Monday, May 9, 2011

Coffee I love you, weekends: I wish you were banished from this universe

I hate weekends. I hate saturdays, I hate sundays. I hate late friday nights. Fuck you weekend I'd rather you didn't exist. Let me go into why weekends can suck hairy man balls. I figure if it wasn't for weekends I would lose about 2 lbs per week. I figure this because I gain 2 lbs over the weekends and lose it by friday. If it weren't for the weekends, I would probably be about 10lbs lighter. I don't binge and purge, or eat much in general during weekdays. I have maybe 1000 ish calories per day and hit the gym for a total of about 5 hours. Plus I spend about an hour and a half walking around each day. Conservatively I have a net of about 600-700 calories per day which allows me to undo the 2lbs i gain over the weekend in 5 days. But... when the weekend comes around OMG somebody help me. I binge on anything possible edible think I can get. I don't care if it's icecream, cereal, bread, yogurt, fruit, veggies, rice, milk, hell even raw eggs. And I basically will be binging and purging all day long for about a day and a half. Then I spend my sunday nights trying to recover from all binging and purging.

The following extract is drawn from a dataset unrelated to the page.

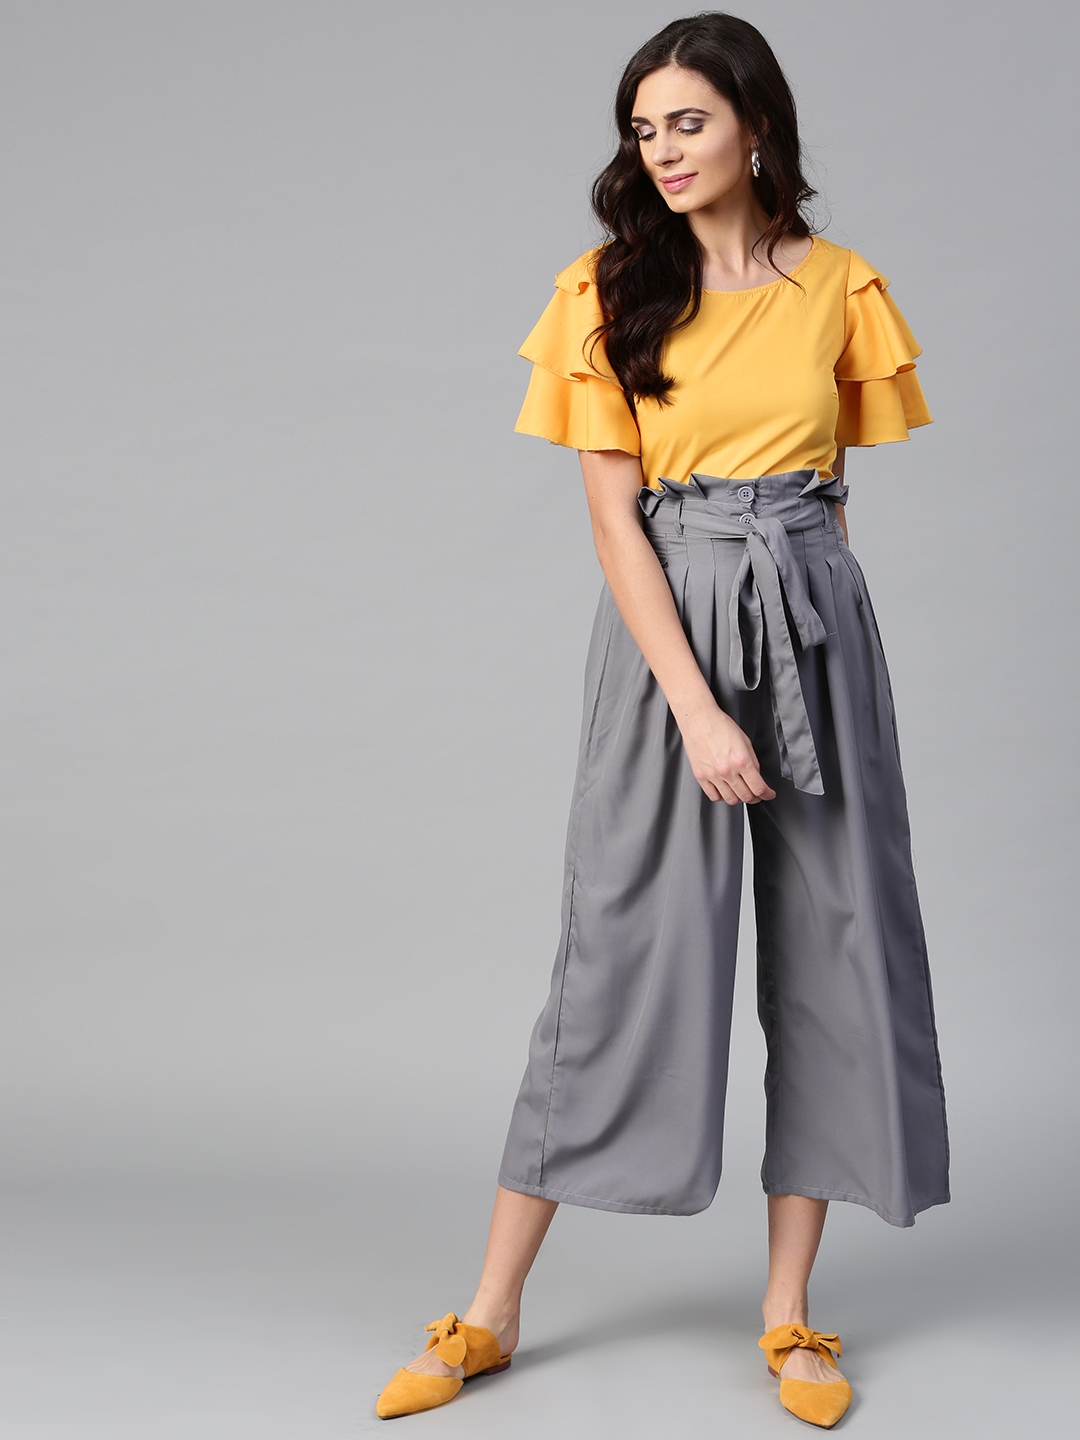 Berry Haute mustard yellow pants paired with a chiffon white top  Palazzo  pants Mustard pants outfit Yellow pants outfit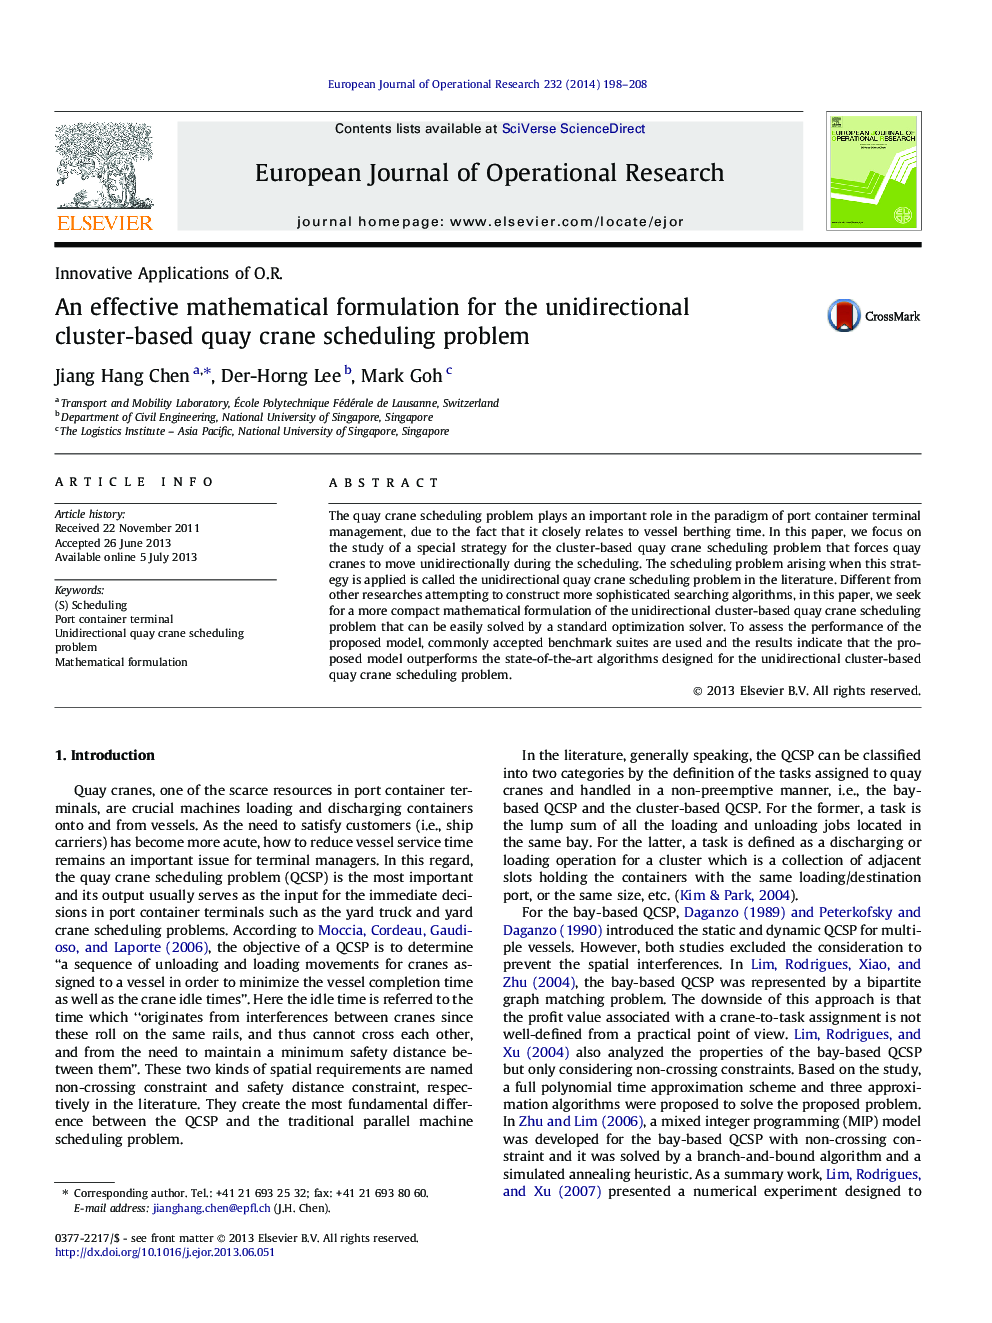 An effective mathematical formulation for the unidirectional cluster-based quay crane scheduling problem

So in net, I fall behind in everything on weekends. I can't get any of my school work done, I gain weight, I become super exhasted. I want to die pretty much. Sometimes during the weekday I will be like, 'I want to go to the ___ this weekend' but then the weekend comes around and I just wanna give up and rot away which is what I do.

Anyone have any suggestions on how to deal with this maddness?

I'm considering trying more drastic measures next weekend cuz I'm so sick of doing so well all week to be thrown back to square 1 because I don't have school for 2 days. I love school, only because it keeps me from throwing up all day long. Next weekend I think what I'll do is I will throw all my food away. Just get rid of all of it. Stock up on coffee and sleeping pills or something like that. I'm so tired of feeling like I'd rather be dead. I'm so tired of feeling so stressed out about my weight and falling behind in classes all because I spend 2 days a week vomiting.